Hello world!
I am new to working in CUDA and I’m working on porting a DSP application. Hurray to CUDA!
I’m looking at the simpleCUFFT example and I was wondering regarding the complex multiplication step…
First, the purpose of the example is to apply convolution using the FFT. The input signal and the filter response vectors (arrays if you wish) are both padded (look up the book “Numerical Recipes in C” to understand how and why it is done the way it is…), then forward FFT is applied. The two (complex valued) vectors are then point-wise multiplied with each other. The resulting vector is then inverse FFT’d and so magically gives you the output of the filter response.

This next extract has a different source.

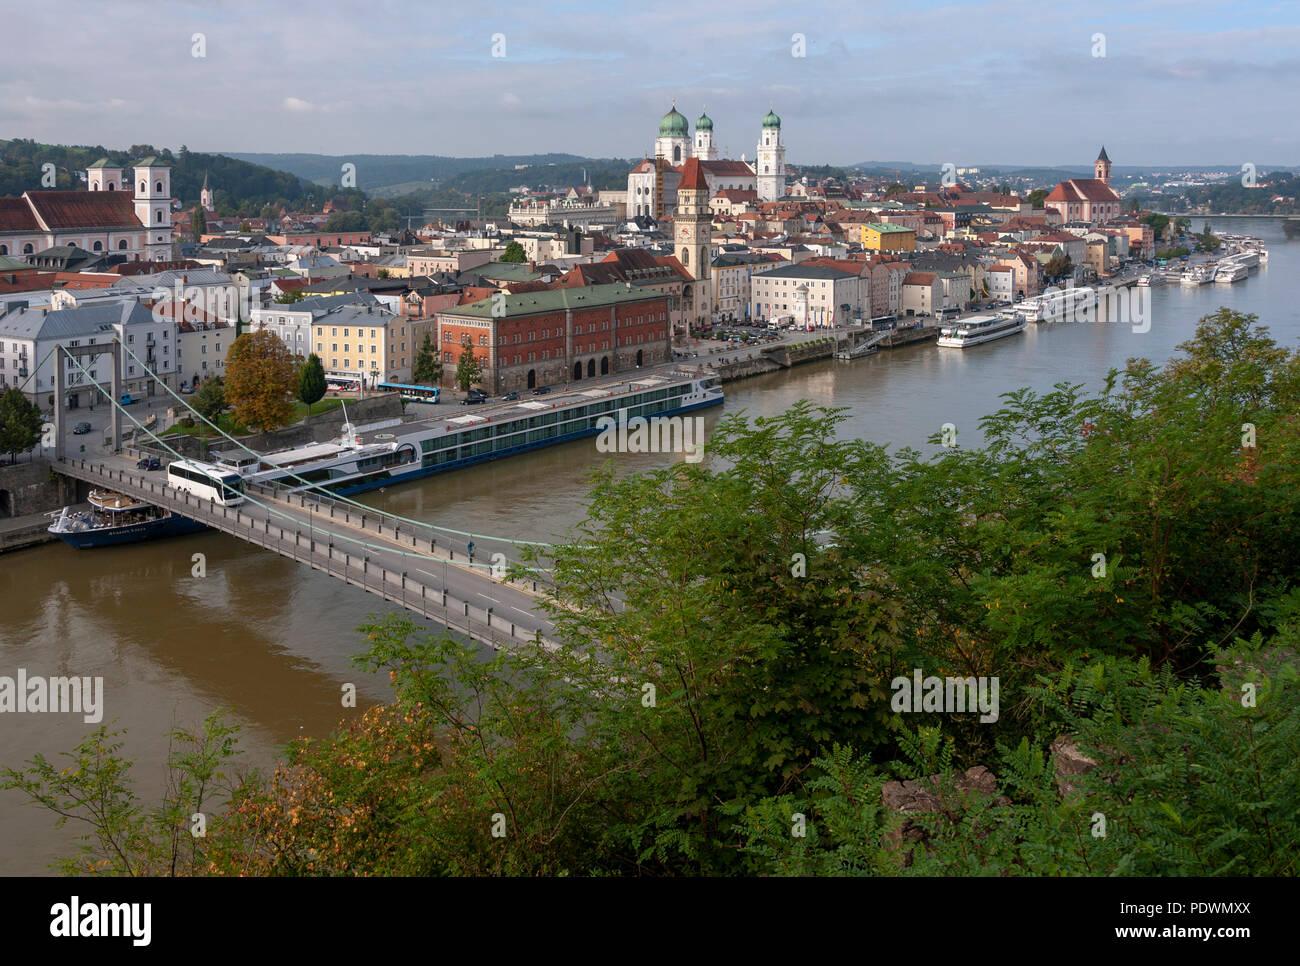 Passau, Stadtansicht. Totale von Veste Oberhaus - Stock Image

What I am curious about is how they implement the pointwise multiplication using a kernel launch. Simple code… The code is below.
...
// kernel launch
ComplexPointwiseMulAndScale<<<32, 256>>>(d_signal, d_filter_kernel, new_size, 1.0f / new_size);
...
// Complex pointwise multiplication
static __global__ void ComplexPointwiseMulAndScale(Complex* a, const Complex* b, int size, float scale)
{
const int numThreads = blockDim.x * gridDim.x;
const int threadID = blockIdx.x * blockDim.x + threadIdx.x;
for (int i = threadID; i < size; i += numThreads)
a[i] = ComplexScale(ComplexMul(a[i], b[i]), scale);
}
What I am not sure about is how they decided to launch 32 blocks and 256 threads per block. These numbers dont seem to relate to the size of the original input vector nor the filter response vector. However, it seems to me that the for loop condition (i < size) protects the threads from accessing non-existant data. Is this true? I’m new to working with threads so the way in which the job is distributed among the threads isn’t entirely clear…